Authors: Laura Lippman
"Shit, old man, you
ain't gonna use that," the skinny one said, but he
didn't seem as cocky as before.
"That what you think?"
He fired straight up, into the sky.
"He's gonna kill us.
He's gonna kill us all," the girl screamed and
began running. She was fast, that girl, faster than the rest, although
her twin was almost as fast. The two of them were at the end of the
block and turning north before he knew what was happening. The chubby
one took off then, while the tall, skinny one tugged at the littlest
one, the snot-nose one, who seemed frozen not so much in fear as in
open-mouthed stupidity.
"C'mon,
Donnie," the skinny one pleaded, yanking at his arm.
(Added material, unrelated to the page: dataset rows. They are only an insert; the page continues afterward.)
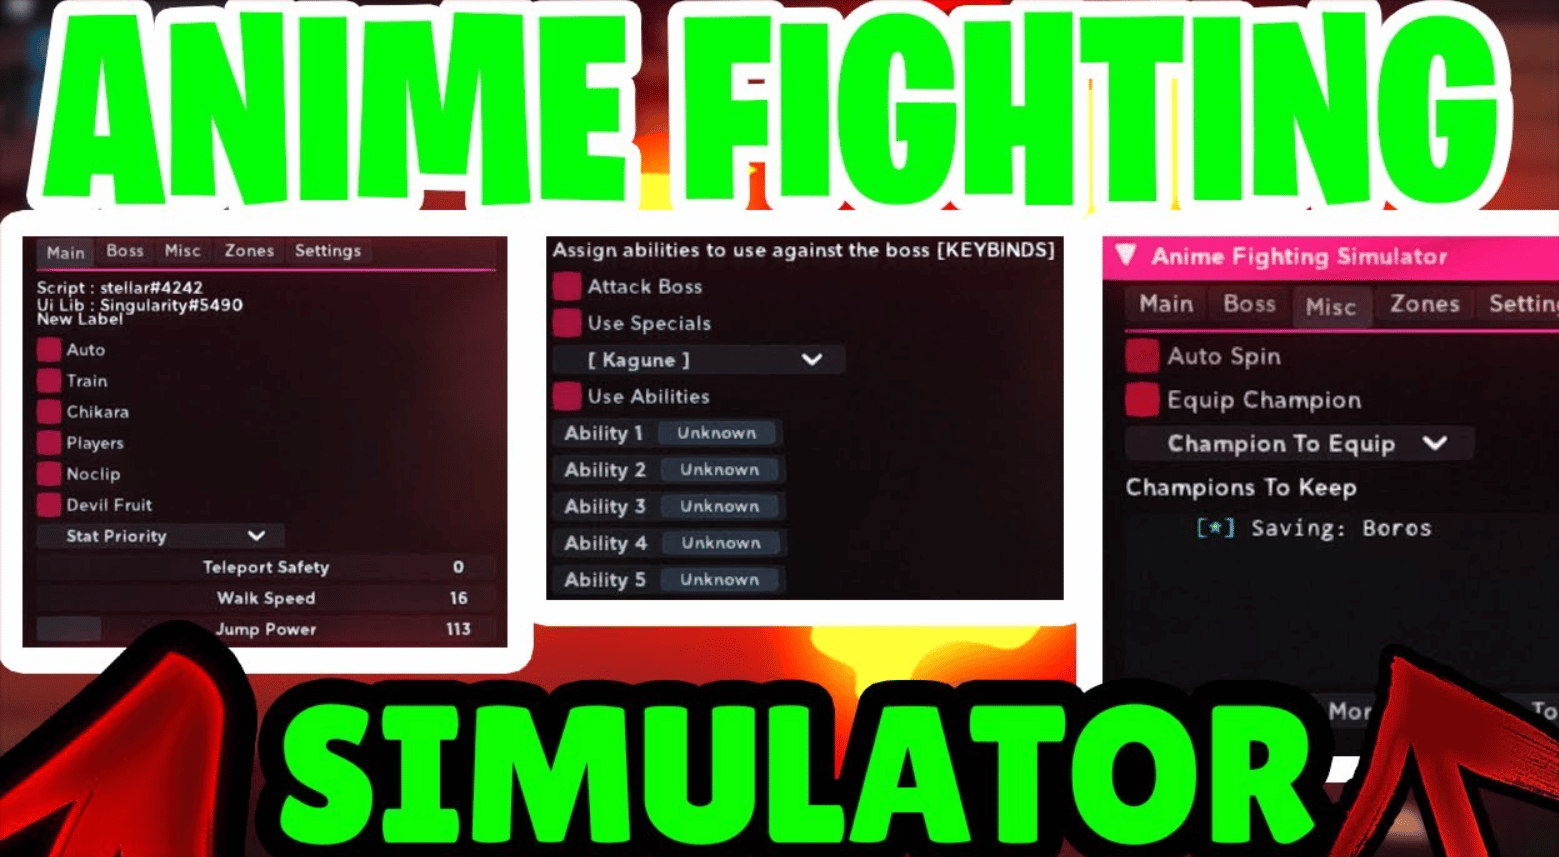 Anime Fighting Simulator Script/Hack, UPDATED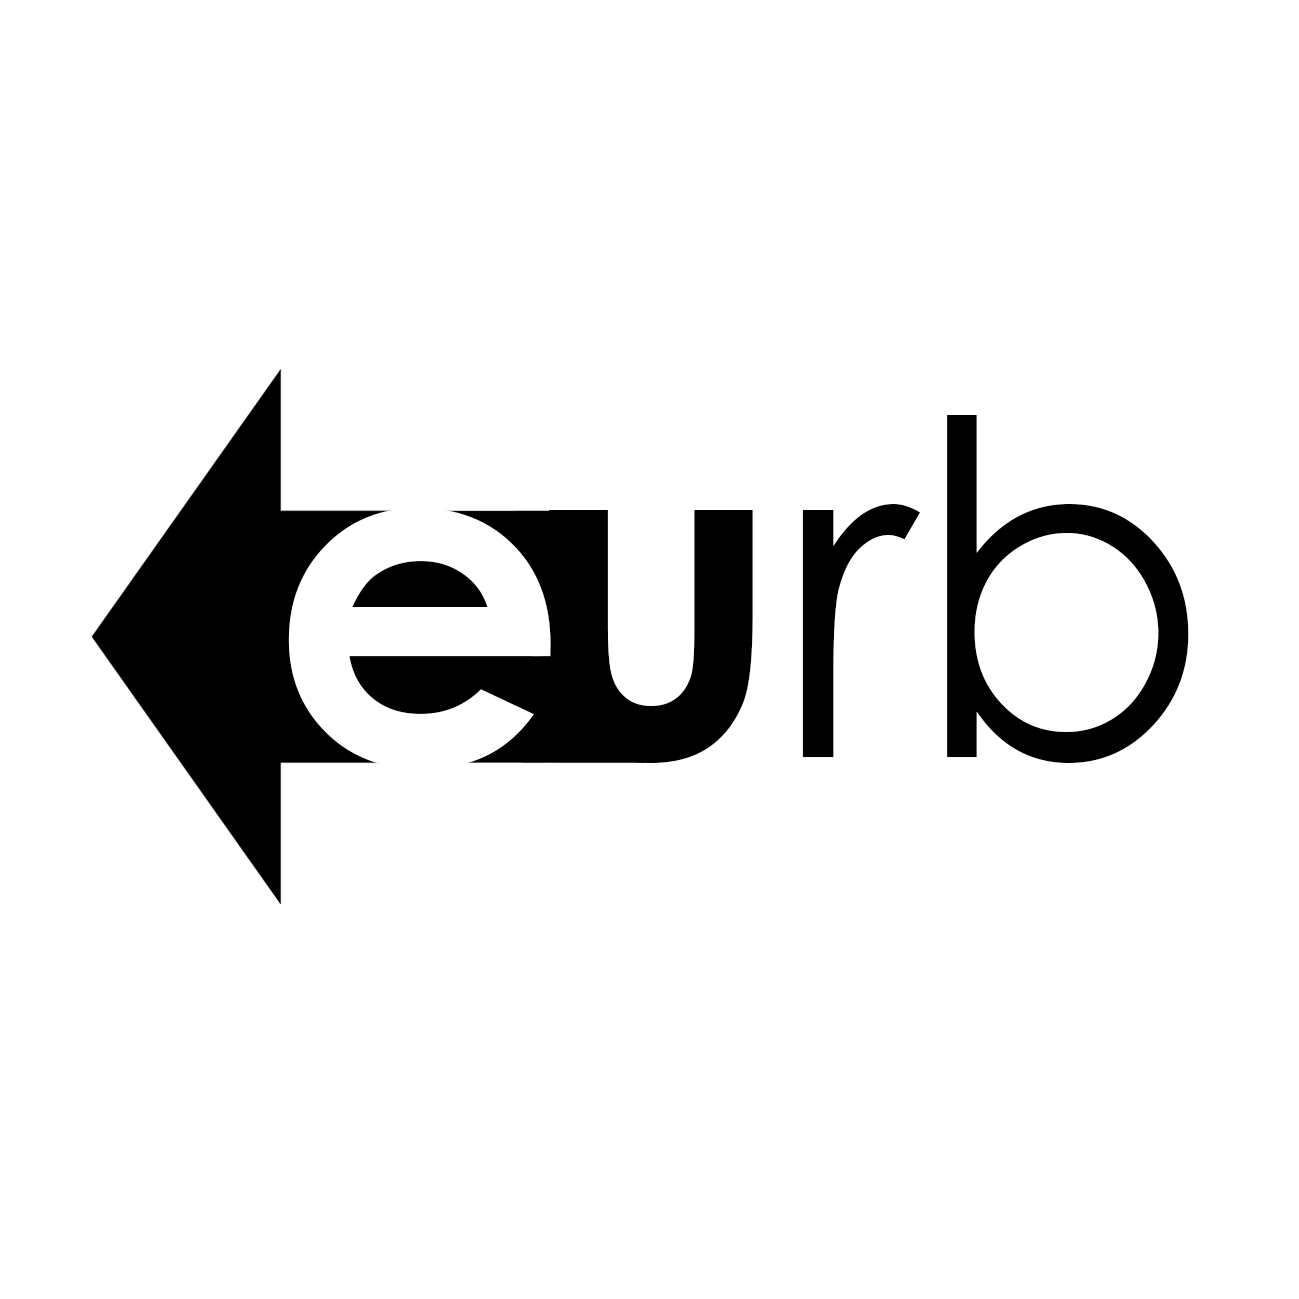 eurb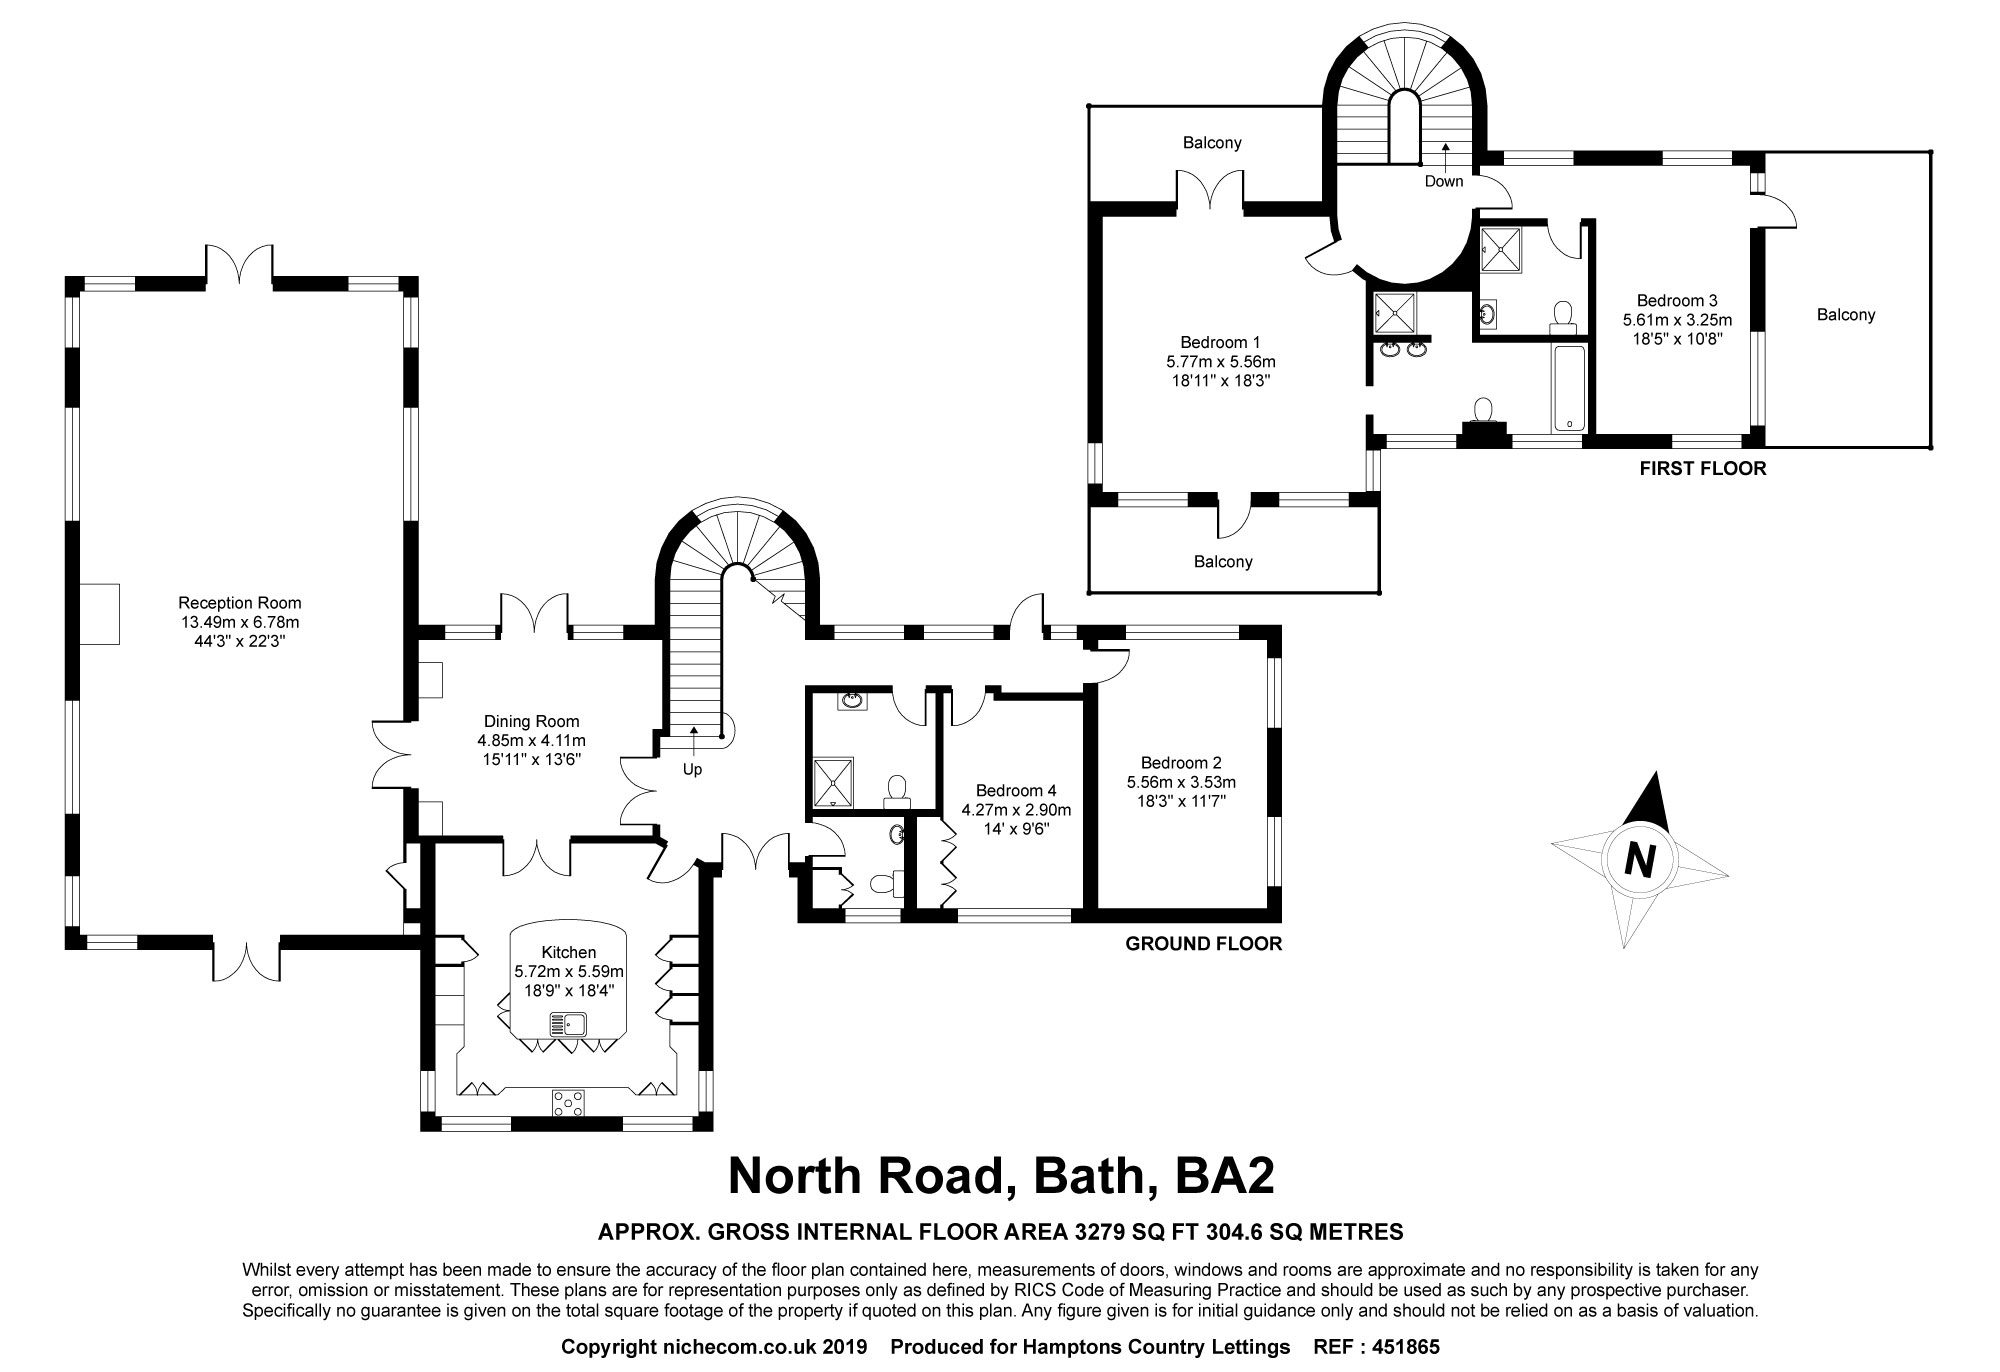 4 Bedrooms Detached house to rent in North Road, Bathwick, Bath BA2

"The old man's got a gun. He ain't
messing with us this time."
Snot-nose hesitated for a moment, then began
heading toward the corner in a clumsy, loping stride, more or less
keeping even with Skinny's long-legged sprint. He could have
caught them, if he wanted. Instead, he fired again, then again, the gun
a living thing in his hand, separate and apart from him. A car was
turning onto Fairmount as they ran, someone raised a window and shouted
to stop all the noise down there, and there was a backfire, a young
boy's voice screaming, another backfire, and the gun just
kept shooting. The noises all jumbled together, he couldn't
tell which had come first. The littlest one stumbled and fell, and now
the skinny one was screaming, high and thin like a girl.
And then the street was empty, except for a
crumpled little pile of clothes near the corner.
He looked at the gun, still held out at
shoulder height in his strangely steady right hand, but quiet now. He
was waiting for something to happen, then realized it already had.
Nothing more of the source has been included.